Bazı yerlerde engelleniyoruz. Sahile hiç dokunamıyoruz. Üstelik oralarda çok ciddi görüntü kirliliği yaratan binalar var. Sarıyer Akademi’de 200’e yakın öğrenciyi eğittik ve üniversitelere yerleştirdik. Üstelik ücret almadan. İnsanların barış içinde yaşaması için çalışıyoruz. Hedefimiz yaşam. Ancak bazı konularda engelleniyoruz. Mesela Sarıyer bir balıkçı kenti ama balık satış merkezimiz yok. Yapamıyoruz.

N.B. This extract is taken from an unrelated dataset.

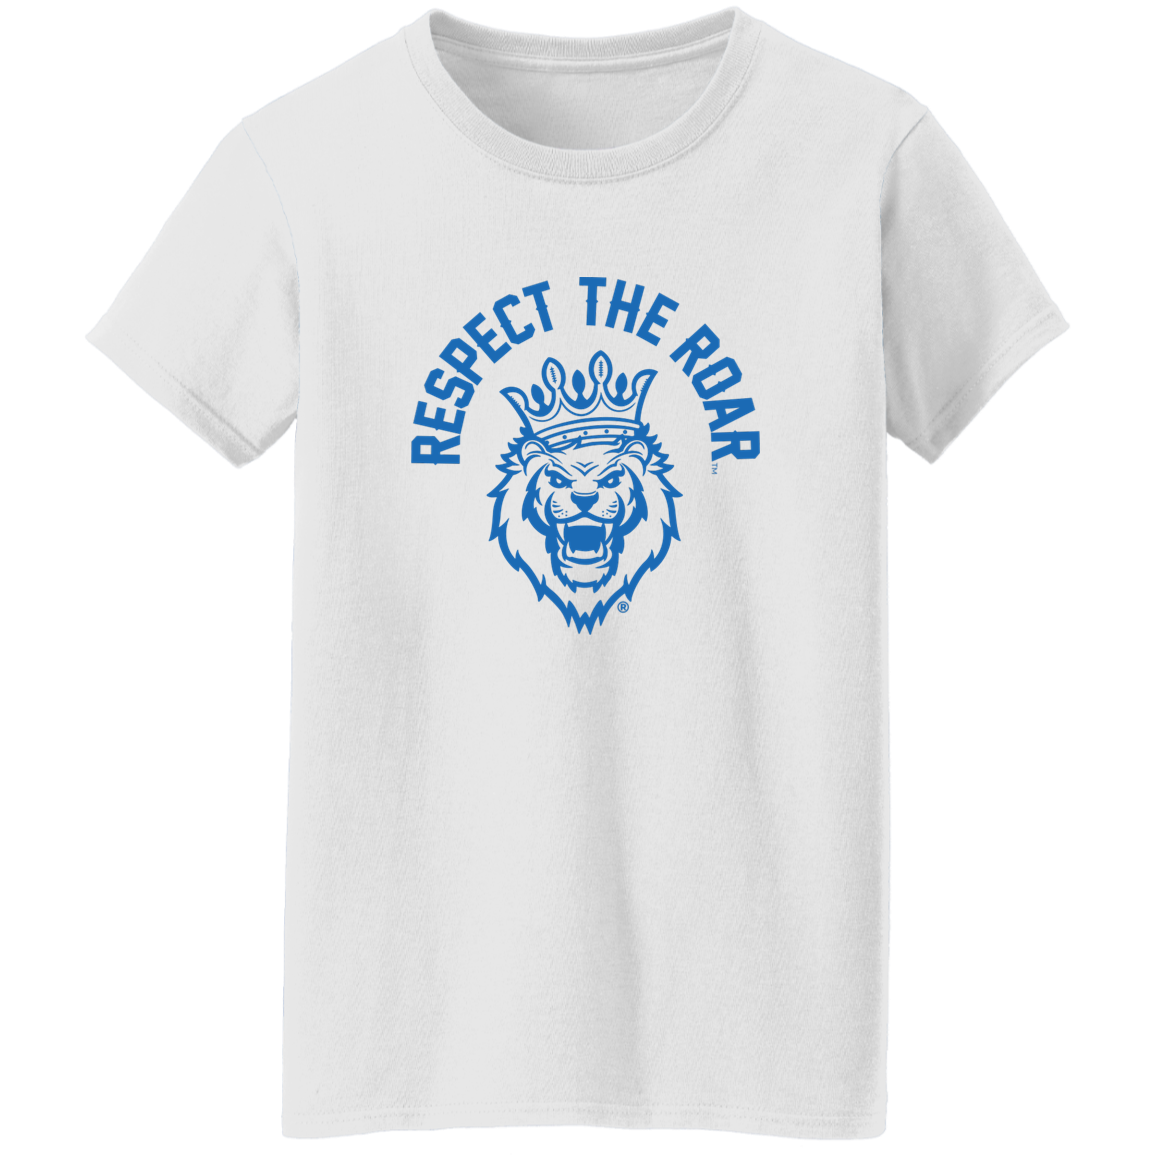 Respect The Roar® Ladies' T-Shirt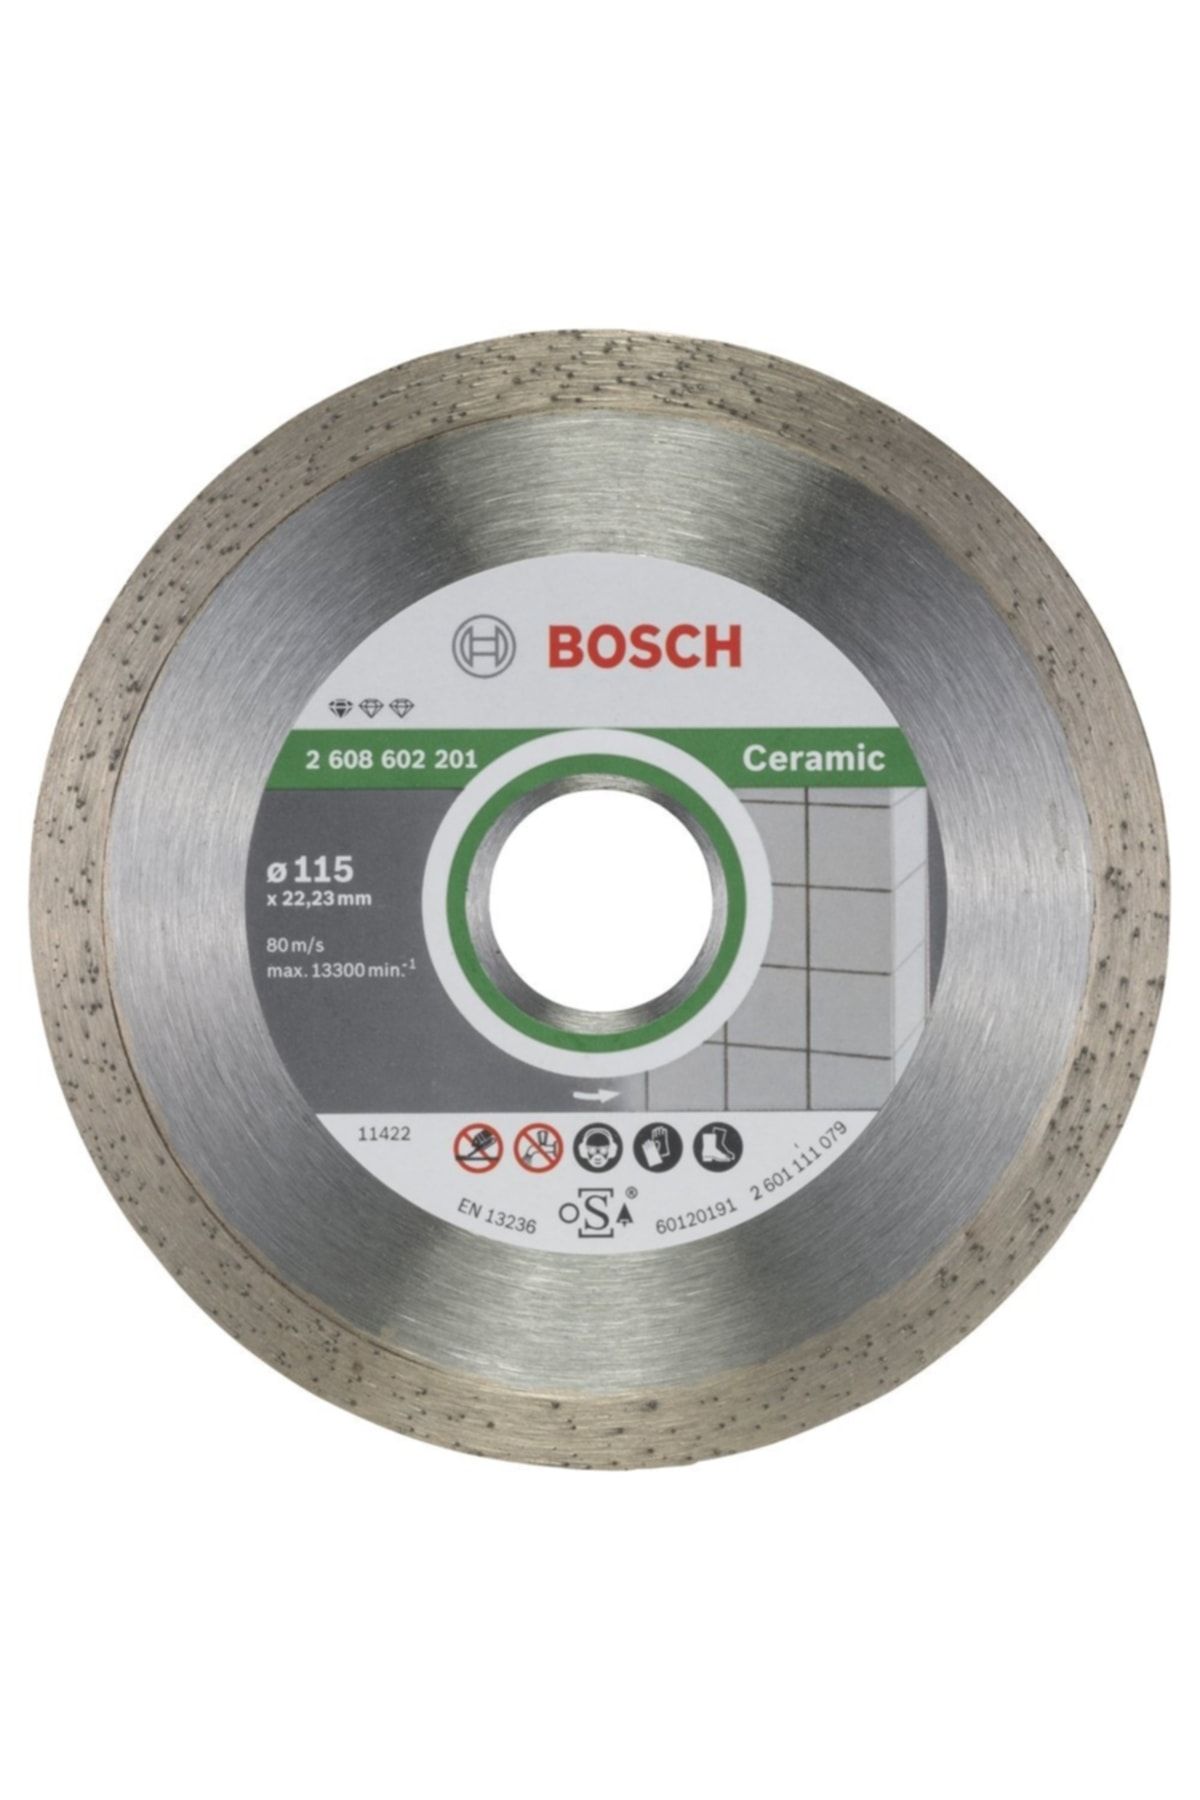 Bosch Standard For Ceramic 115 Mm Elmas Kesme Diski - 2608602201.

Çünkü ön görünüm Büyükşehir’in yetkisinde.

Sarıyer için en önemli projeniz nedir?

Son dönemde beni en çok heyecanlandıran yeni hizmet binamız oldu. Dünyanın ilk yeşil sertifikalı binası. Tam bir yaşam alanı olacak. Kendi enerjisini üreten, su ihtiyacını yağmur suyundan karşılayan, ekolojik demo parkı bulunan şahane bir bina. İçinde kültür merkezleri, iki ayrı müze, tiyatro salonları olacak. Bina dünyanın en ünlü akreditasyon sertifikasını almış akıllı ve insan sever bir bina.